Il arrive qu’en vieillissant, certaines femmes et certains hommes au caractère jusqu’alors doux et bienveillant deviennent, peu à peu, des personnes âgées méchantes vis-à-vis de leurs proches et des personnes qui les entourent — un syndrome, si l’on peut le qualifier comme tel, immortalisé par exemple avec le personnage de Tatie Danielle. Mais pour certaines familles, cette affliction n’a malheureusement rien d’une fiction, et rend le quotidien et le soin de leur proche âgé particulièrement pénible, quand elle n’amorce pas un conflit ouvert entre les deux parties lorsque la frustration prend le dessus.

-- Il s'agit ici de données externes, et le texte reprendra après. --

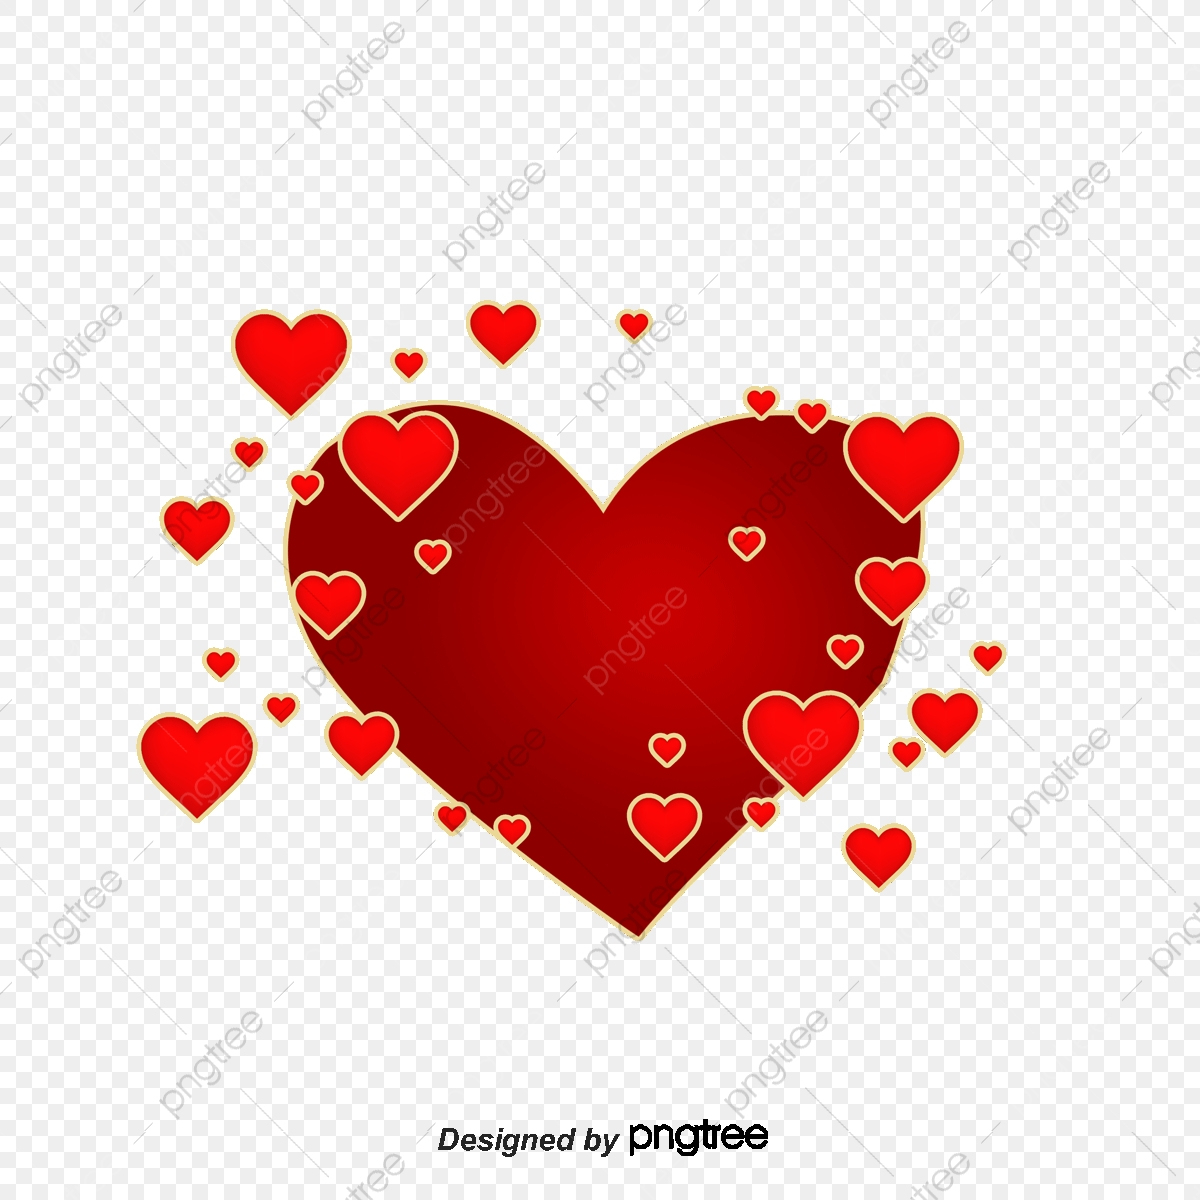 Herz, Herz, Rote Herzen, Dekorative Muster Png Und Vektor verwandt mit Herzen Bilder Kostenlos

Qu’il s’agisse d’une forme de persécution verbale, avec des insultes et accès de colère, ou encore des paroles déplacées, voire même d’une agressivité physique, à l’encontre de ses proches ou de son environnement, il y a de quoi être déconcerté pour ne pas dire désespéré lorsqu’on en vient à ne plus reconnaître un parent âgé. Comment alors faire face à une telle situation ?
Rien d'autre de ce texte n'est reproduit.